The head of the TTC workers union is threatening unspecified job action following the commission’s decision to contract out bus cleaning services, going so far as to suggest that employees may stop monitoring fare boxes in retaliation.

At a meeting at City Hall Thursday, commissioners voted four to three to hire a pair of private companies to supply cleaning and maintenance services at two TTC bus garages. The outsourcing is intended to save the cash-strapped commission $1 million a year, with the eventual aim of contracting out work at all eight of the commission’s bus facilities.

After the vote, dozens of union members protesting the decision stormed out of the packed committee room shouting “Shame!” and “War!” Speaking to reporters outside, Bob Kinnear, president of Amalgamated Transit Union Local 113, vowed that his members would find ways to make their anger known to TTC CEO Andy Byford and the rest of the commission brass.

“Mr. Byford is going to find out very clearly the displeasure of all of the members of our union,” Kinnear said.

“Conceivably, some of our operators may not notice the fare box has been shortchanged. There’s all sorts of things that we can do.”

“We will fight this. We will fight this to the end,” he added.
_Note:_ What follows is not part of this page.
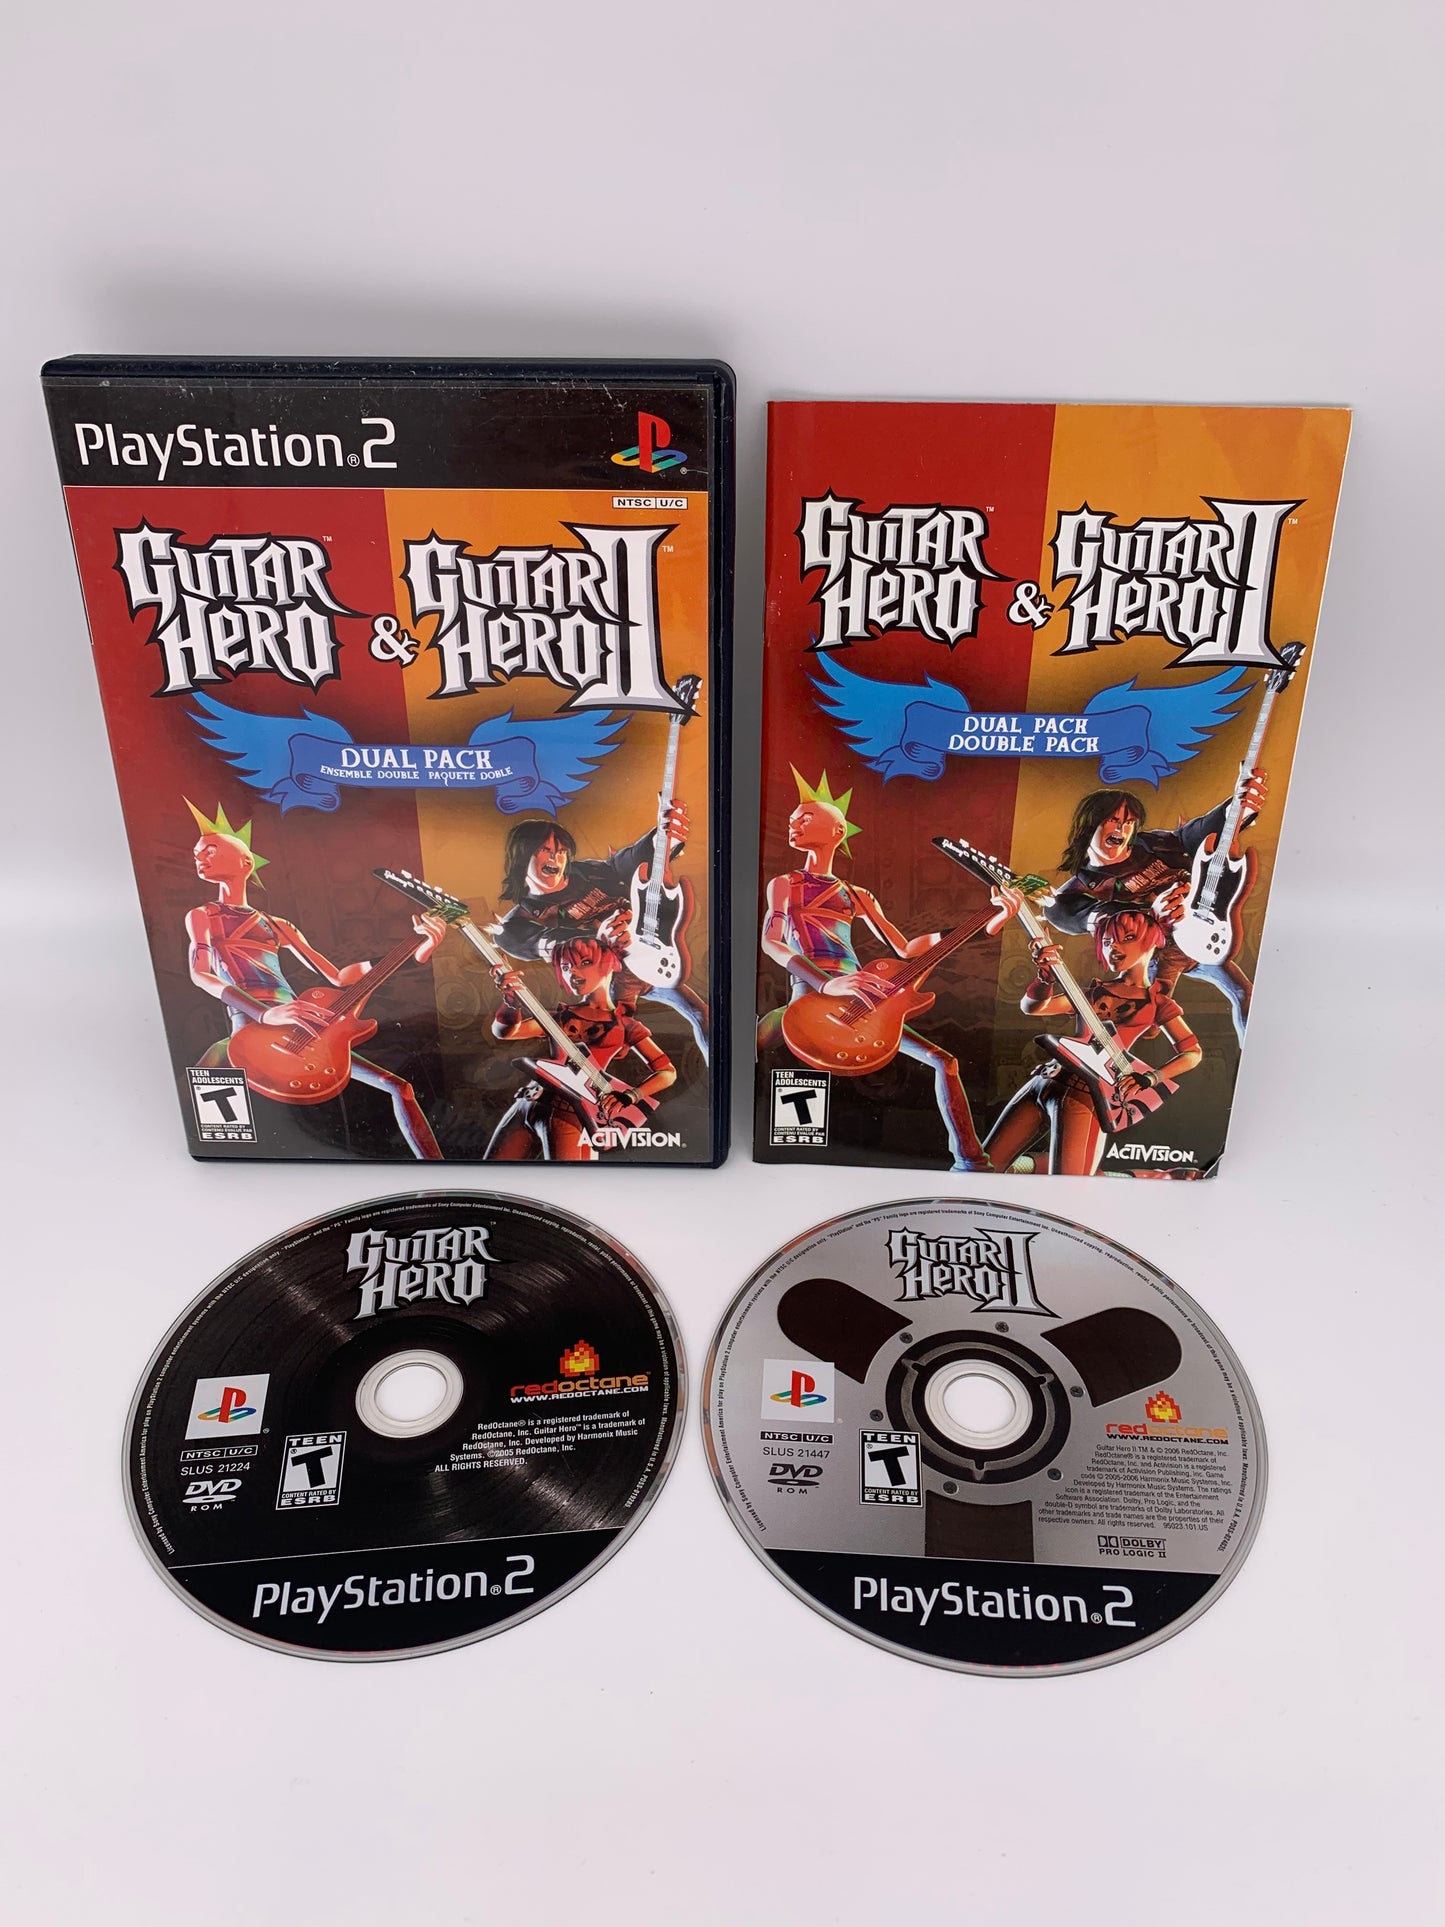 PiXEL-RETRO.COM : SONY PLAYSTATION 2 (PS2) COMPLET CIB BOX MANUAL GAME NTSC GUITAR HERO II DUAL PACK

Because of provisions in the union’s collective bargaining agreement, no TTC employees will lose their jobs as a result of the outsourcing. Instead, private sector workers will replace roughly 160 positions that have been left vacant through attrition.

But the union and its supporters framed the board’s decision as an assault on workers that will lower employment standards across the city and replace well-paying positions with “poverty jobs.”

TTC workers currently receive just over $27 an hour to clean, refuel, and service the buses. While there are no wage provisions in the contracts being awarded to the two cleaning companies, Topnotch and Hallcon, their employees are expected to make much closer to minimum wage to do the same work.

“We are virtually declaring war on our workers today. They will retaliate,” Councillor Maria Augimeri, one of the TTC commissioners who opposed the outsourcing, told the board.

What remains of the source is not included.